Culver is quick with a suggestion: “Senior citizen centers are a great place to recruit volunteers." And once you have them - keep them happy and interested, she suggests. “Hit them with little newsletters. Keep them interested and active. Offer them regular training. Figure out a way to interview people and pre-qualify them.”

Pre-qualifying volunteers and training them before disaster strikes means filling them in on the unique challenges of working with animals in a post-disaster situation, says Melissa Forberg, HSUS disaster consultant. “Working with animals can sometimes magnify the stress of responding to a disaster. You’re either euphoric about an animal you’ve saved or depressed about one you’ve lost.”

There are two big mistakes people tend make when working with animals in post-disaster situations, Forberg says. “People without training handle animals - and they shouldn’t handle animals. And people push themselves beyond what they should.”

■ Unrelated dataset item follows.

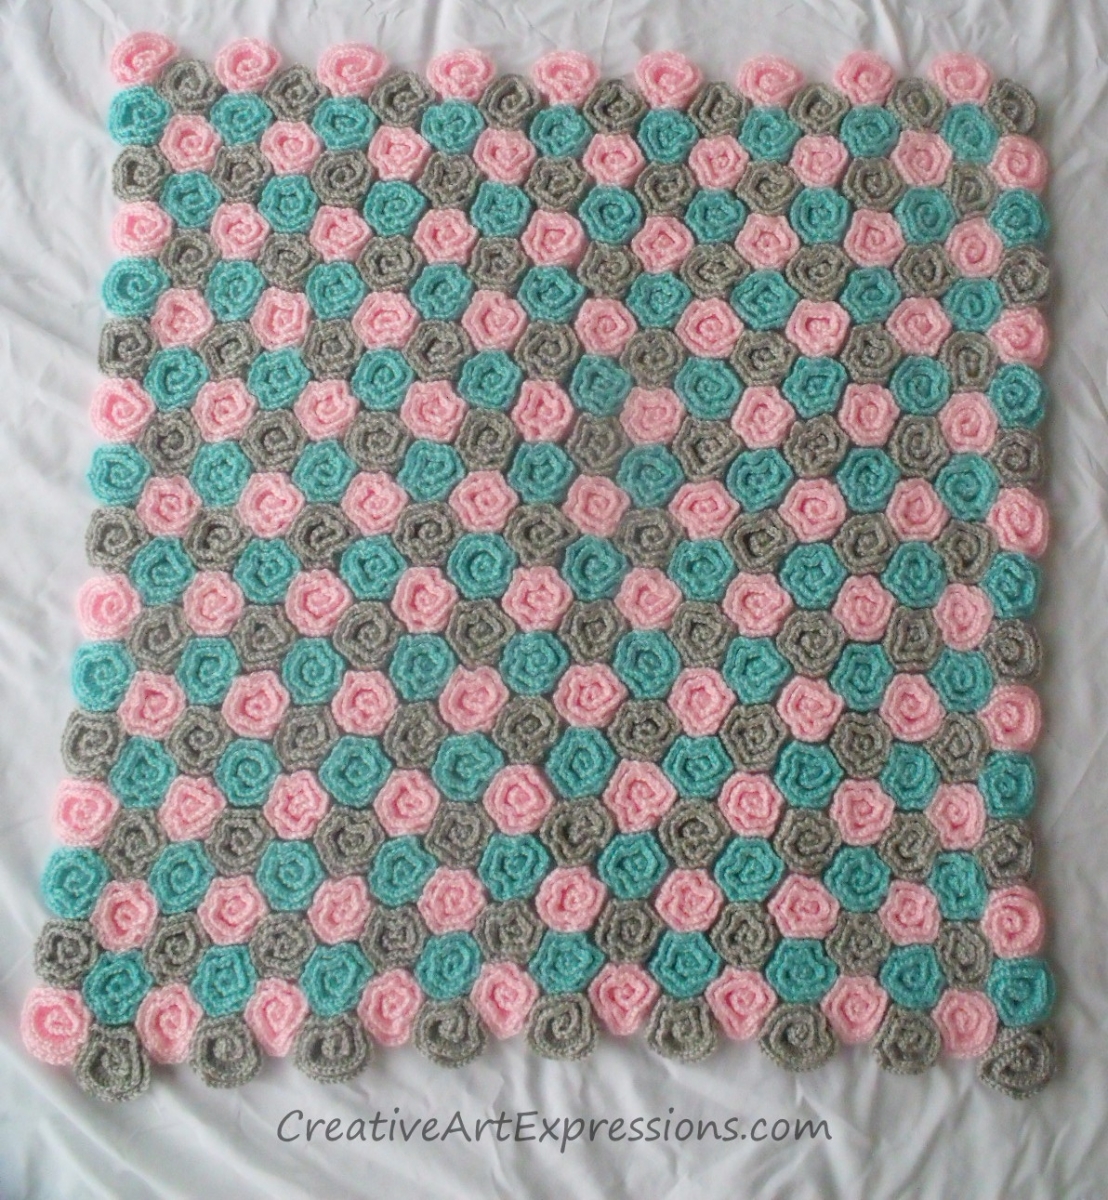 Creative Art Expressions Hand Crocheted Roses Baby Blanket
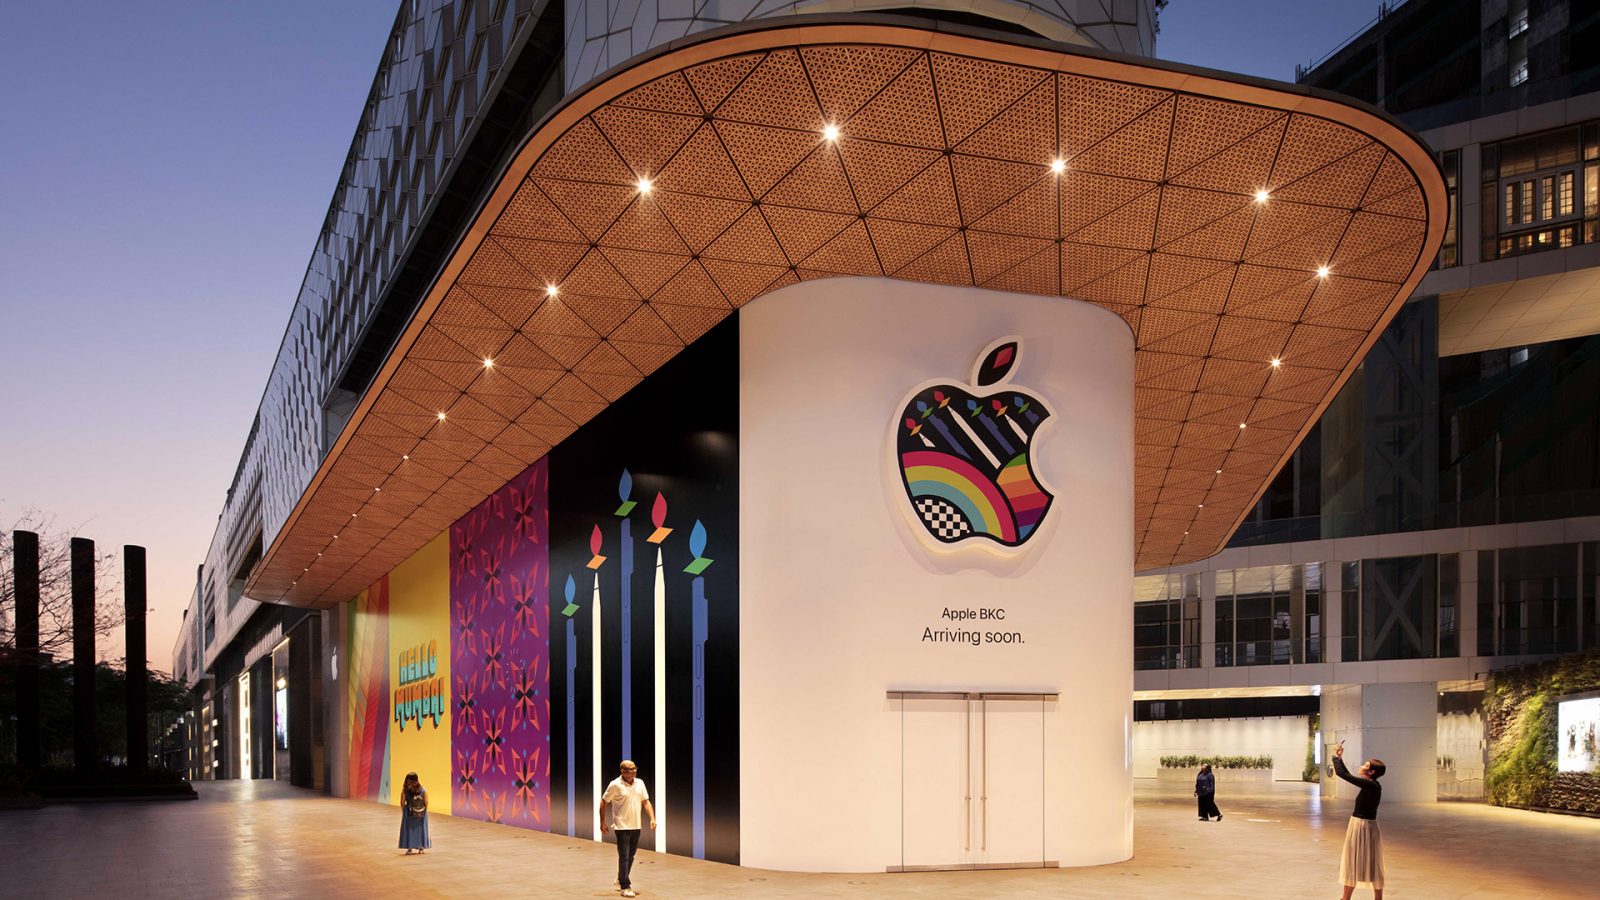 Apple unveils the barricade of its first retail store in India ahead of opening this month

For the trainees gathered together, simulating a disaster - especially with the help of real animals - proves a valuable way to learn. They lead the dogs into crates and at last get them comfortable and safe.

And as for the boa constrictor: in a case like that, keep the owner with the snake if at all possible. “Give him the supplies he needs to take care of it," says Culver.

Whatever the pet, Culver has one last reminder: “You have charge of somebody’s treasure.”